Peptides were synthesized by Fmoc chemistry using a multiple peptide synthesizer. As determined by reversed-phase high-performance liquid chromatography the peptides were >90% pure. Peptides were dissolved in DMSO at a concentration of 10 mM, and stored at -20°C.
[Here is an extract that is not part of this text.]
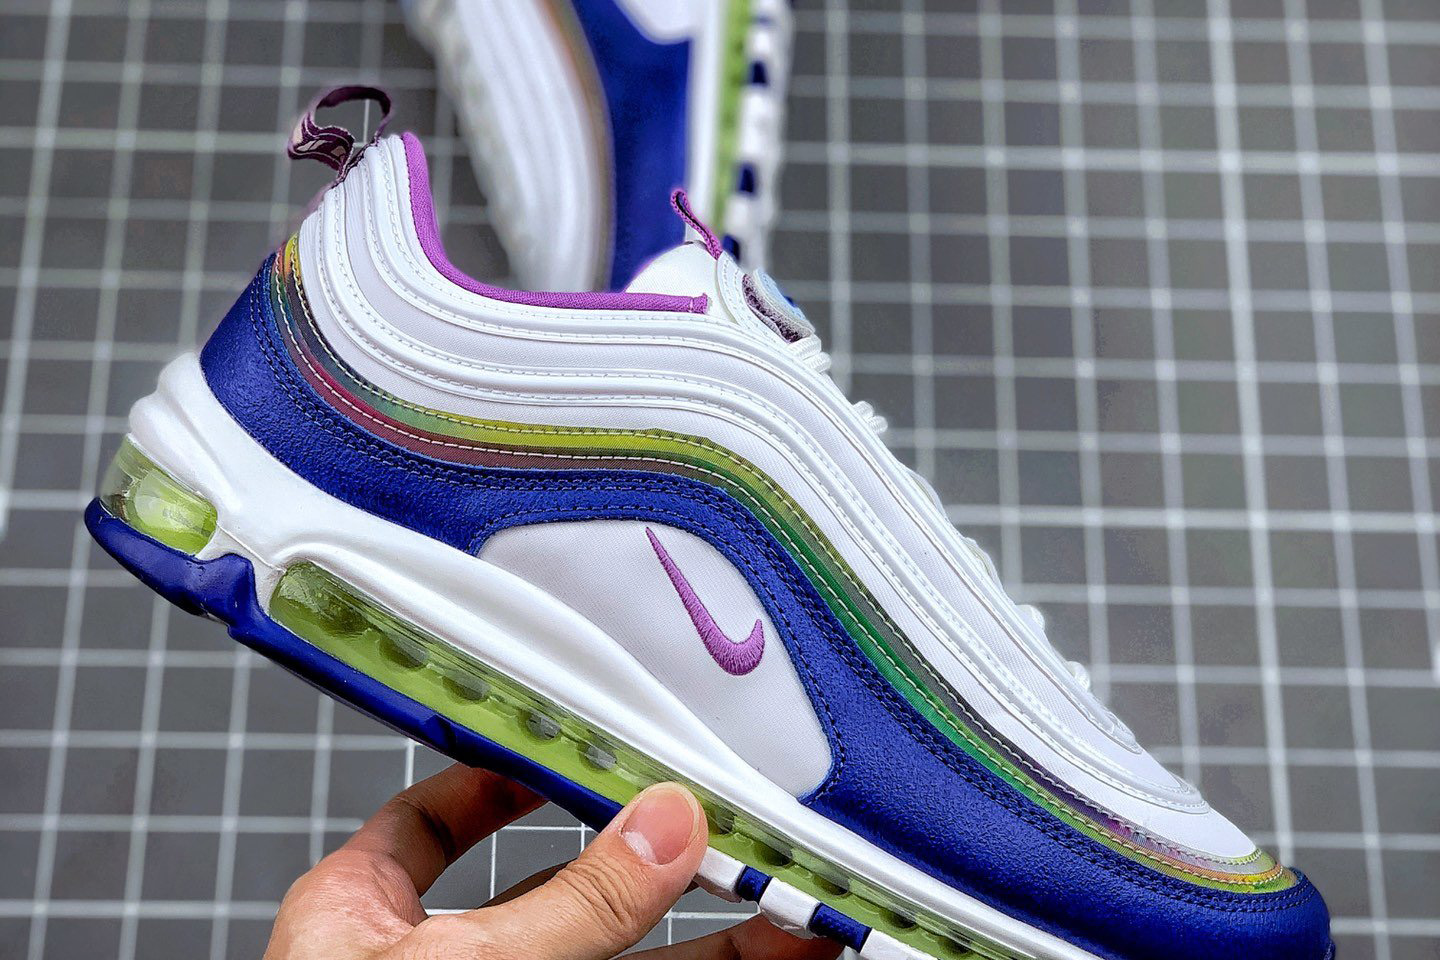 Air Max 97 SH Kaleidoscope couples are

Unlabeled and fluorescein-labeled peptides were obtained from J. W. Drijfhout (Leiden University Medical Center, Leiden, the Netherlands).

Cell Culture.
JY and T2 cells were cultured in Iscove’s medium enriched with 5% FCS and antibiotic-antimycotic (all of which were obtained from Life Technologies, Inc., Grand Island, NY). The melanoma cell line, BLM (expressing HLA-A2.1; Ref. 22 ) was transfected with the cDNA of either G250 or gp100 resulting in the cell lines BLM-G250 and BLM-gp100, respectively. The transfected cell lines BLM-G250 and BLM-gp100 were cultured in DMEM (Life Technologies, Inc.) enriched with 5% FCS and antibiotic-antimycotic in the presence of 1 mg/ml G418 (Life Technologies, Inc.). The mouse cell line EL-4 (American Type Culture Collection) was transfected with a DNA construct encoding for the HLA-A2.1K^b chimeric molecule ⁽²³⁾ with and without a DNA construct encoding G250 (EL-4/HLA-A2.1K^b/G250 and EL-4/HLA-A2.1K^b, respectively). These cell lines were maintained in Iscove’s medium with 5% FCS, G418 (1 mg/ml), and hygromycin (0.5 mg/ml).
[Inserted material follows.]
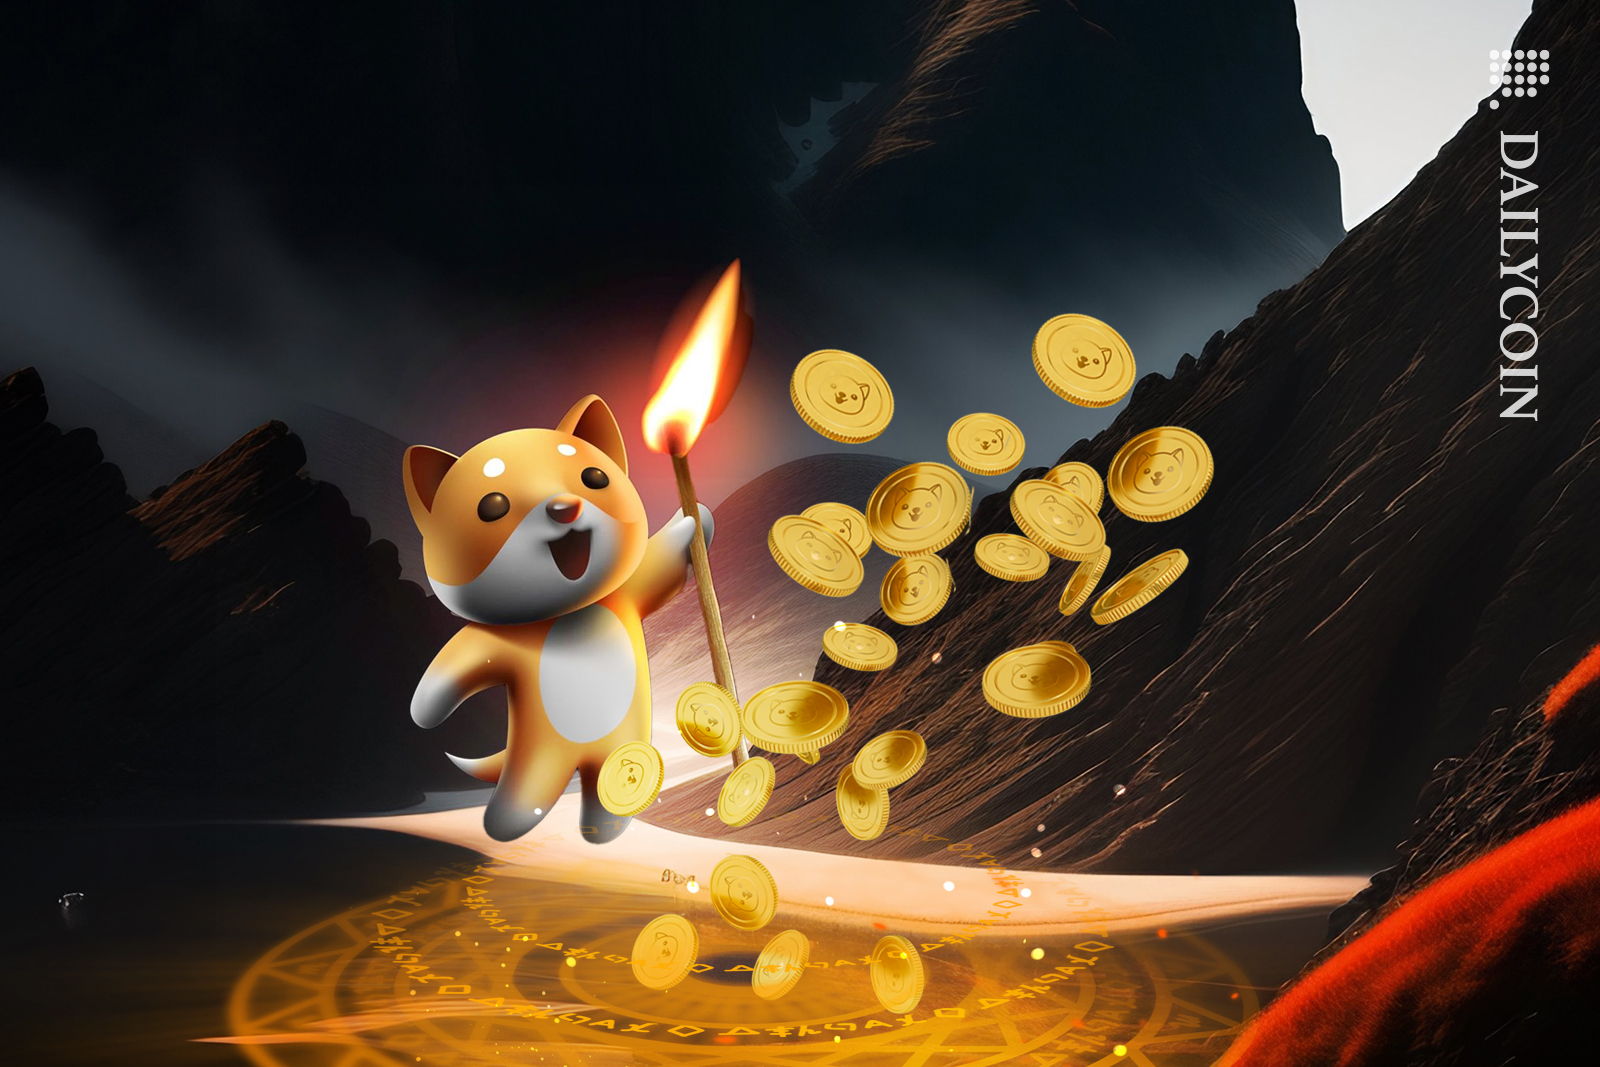 Baby shiba on a track surrounded by mountains is holding a match stick and discovering a magic portal with Babydoge coins going into the air.

HLA-A2.1 Up-Regulation on T2 Cells.
To identify G250 HLA-A2.1-binding motifs in the G250 protein, a computer scoring program was used (24 , 25) . To determine whether the G250-derived peptides were able to bind to HLA-A2.1 molecules, peptide-induced HLA-A2.1 up-regulation on TAP-deficient TxB-cell hybrid T2 cells (26) was examined as described previously (27) . Briefly, 10⁵ T2 cells were incubated together with various concentrations of G250-derived peptides (final DMSO concentration 0.5%) for 14 h at 37°C and 5% CO₂ in serum-free Iscove’s medium in the presence of 3 µg/ml human ₂-microglobulin (Cymbus Biotechnology Ltd.). Up-regulation of HLA-A2.1 molecules on T2 cells was analyzed by flow cytometry using anti-HLA-A2 mAb BB7.2 (28) . The FI was expressed as: [experimental mean fluorescence ÷ background mean fluorescence]-1. Background mean fluorescence values were measured by incubating T2 cells with a HLA-A2.1 nonbinding peptide at similar concentrations.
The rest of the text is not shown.